Quand Jésus dit au paralytique : « Mon enfant, tes péchés te sont remis », Il soulève un murmure de réprobation chez les scribes.
Cette réaction découle de leurs préjugés sur Jésus : « Comment un homme peut-il parler ainsi ?Seul Dieu peut remettre les péchés. » Le refus de reconnaître en Jésus le Fils de Dieu sera la cause de la mort du Christ : Il s'est fait le Fils de Dieu ! Même si à ce prétexte théologique se sont mêlés des motifs plus bassement humains, comme la conviction des scribes et pharisiens de détenir seuls la vérité et de représenter seuls l'autorité religieuse avec tous ses profits.

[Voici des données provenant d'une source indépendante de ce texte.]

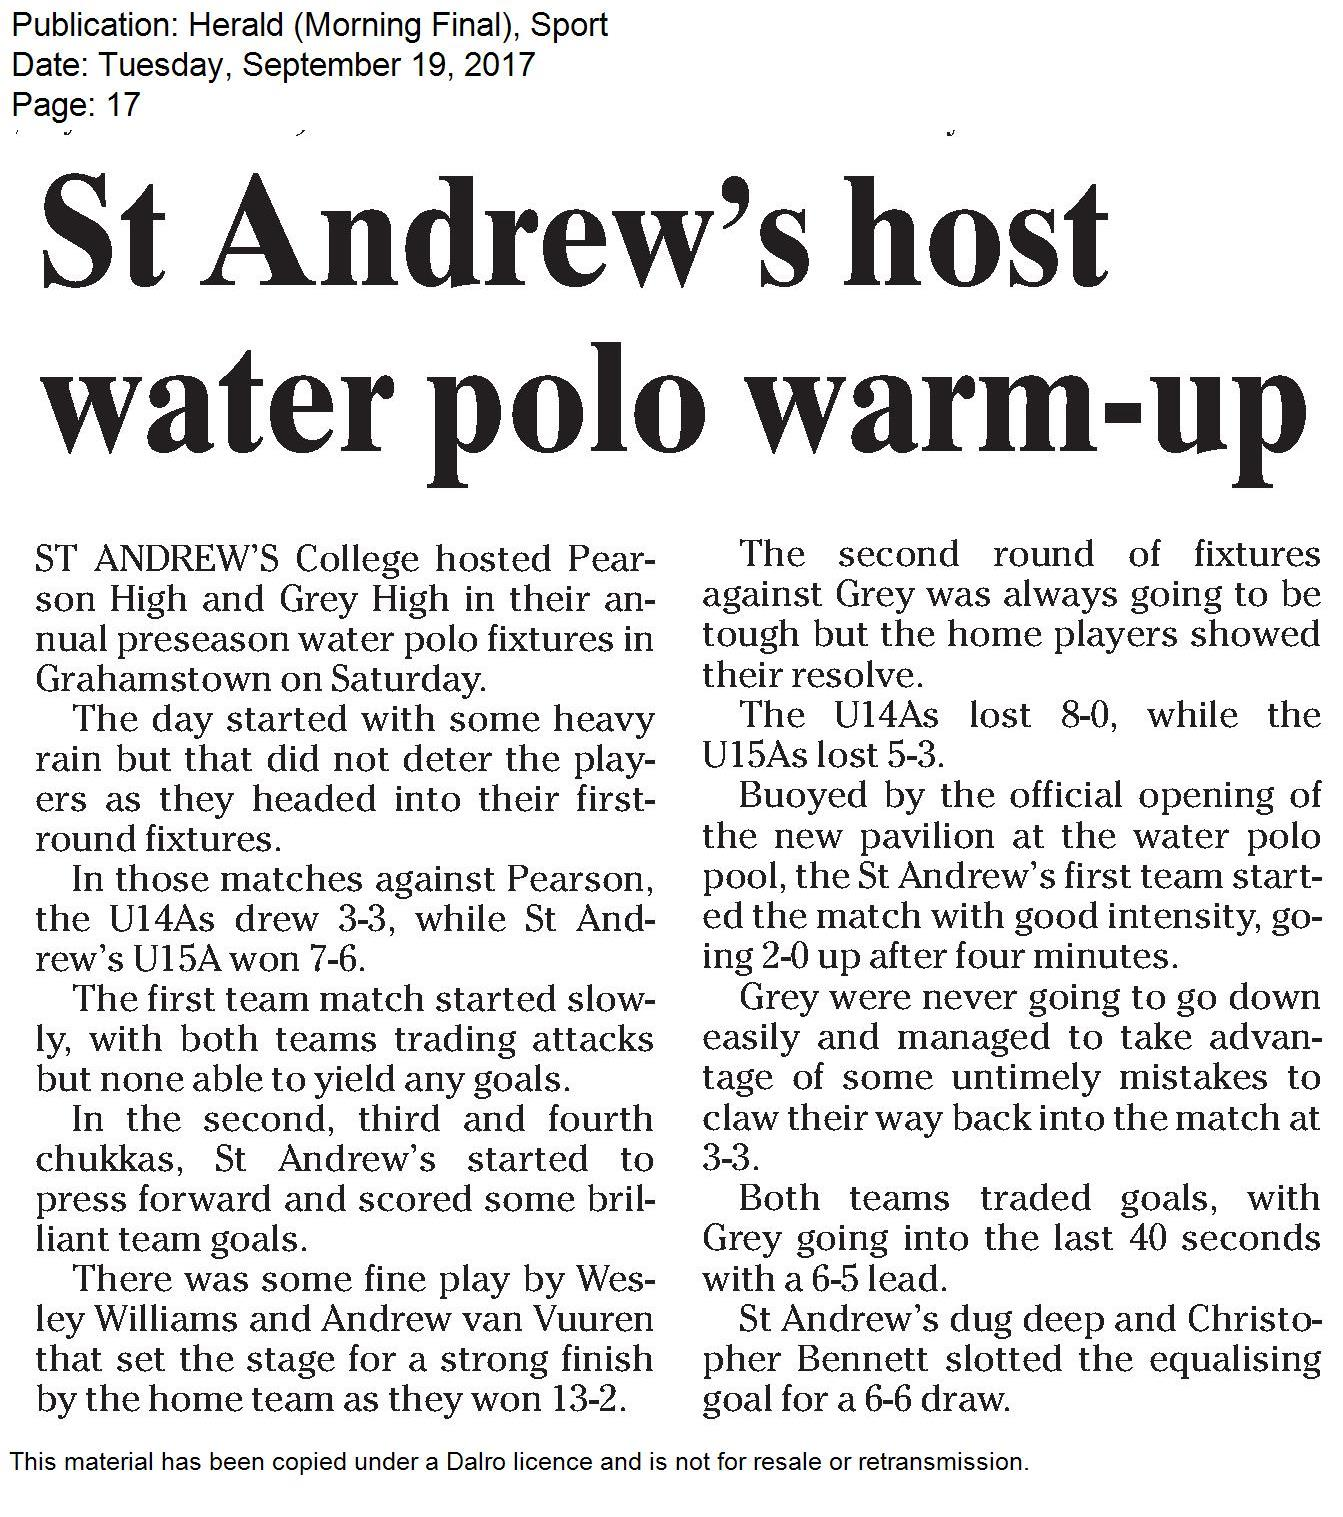 Water Polo warm up vs Grey Pearson

Mais on peut considérer l'épisode de la guérison du paralytique sous un autre angle, celui de l'unité fondamentale de l'homme. Voici un malheureux que ses amis amènent pour que Jésus le guérisse de sa paralysie. Et que dit Jésus ? « tes péchés te sont remis » ! Il y a donc en nous un rapport et même un lien unitif et constitutif entre le corporel, le psychique et le spirituel. C'était d'ailleurs la conception traditionnelle des sémites. L'homme est un tout. On ne peut impunément vivre dans un désordre spirituel sans que le corps n'en souffre ; et inversement une atteinte organique entraîne une souffrance de l'âme. Même si ces choses paraissent occultées de nos jours par le développement disharmonieux des techniques et des sciences par rapport à celui du sens moral et de la vie spirituelle, elles n'en restent pas moins vraies ; comme le montrent bien les aberrations du comportement et la somme des souffrances inimaginables de l'homme d'aujourd'hui.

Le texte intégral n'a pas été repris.